Но какой-то азарт обреченного человека и чисто английское упорство, даже упрямство, заставили ее повернуть не в сторону дома, а в направлении Энергетического института, где и полагалось быть 'энергетическому' гастроному. Отыскать его среди других угрюмых подъездов было нетрудно: очередь вываливалась из него трупной кишкой с волдырями авосек. Отстояв свои положенные полтора часа, Клио наконец возникла перед продавщицей, зажав в кулачке заветный чек на пол кило сметаны. Продавщица, не взглянув на нее, стала вытягивать, как фокусник из рукава, гирлянды сосисок.

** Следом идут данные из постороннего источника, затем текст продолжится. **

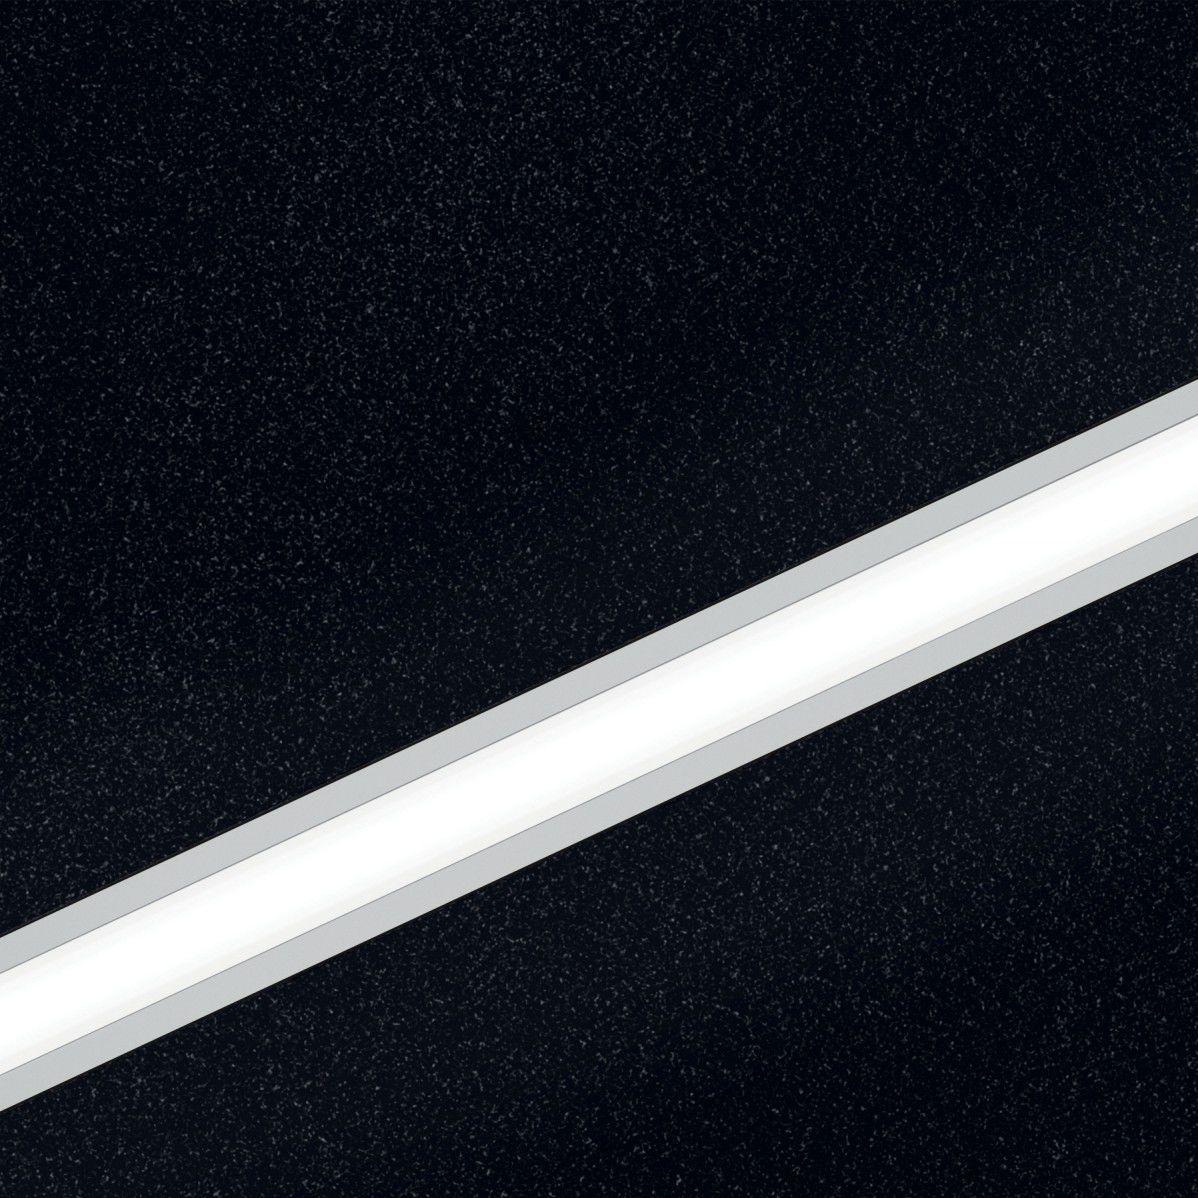 Recessed floor light fixture   LED   linear   outdoor   LUMENFACADE INGROUND  DIRECT VIEWRecessed floor light fixture   LED   linear   outdoor  . Inground Linear Led Lighting. Home Design Ideas

'Следующий!' — гаркнула она, нанизав чек на острое шило, уготовленное как будто для Клио. Та, коверкая слова, упомянула сметану. 'Банка ваша где, гражданка?' — рявкнула продавщица, отбросив сосисочные гирлянды и хватаясь за гигантский половник. 'Какая банка?' — смутилась Клио, давно отвыкнув от банков и чековых книжек. 'Я вам уже представила чек из кассы', — напомнила она продавщице. 'Мне из этого чека кулек вертеть что ли? — расходилась продавщица, размахивая половником. — Куда мне сметану вашу наливать? Банка где? Или в руках понесете?' До Клио дошел зловещий факт: сметана в этой стране продавалась только в разлив. Нужна была посуда. Нужна была банка. Банки, естественно, не было. 'Мне в рот вам сметану отвешивать, что ли? — не унималась продавщица. — Вы что, по-русски не понимаете, что ли?' Клио по-русски уже кое-что понимала. Понимала она и громкую ругань напиравшей сзади очереди, вопли 'разбазарились тут, понимаете ли!' и пыталась объяснить присутствующим насчет банки и сметаны. 'Беги домой за банкой, а я очередь застолблю', — возникла перед ней сердобольная старушка из 'горкомовского' продмага. С 'докторской' колбасой в авоське она теперь пристраивалась к Клио, объясняя гудящей очереди, что Клио ее дочка, а она ее мать, что они, мол, вместе с дочкой: дочка за сметаной, а она, мать, за сосисками.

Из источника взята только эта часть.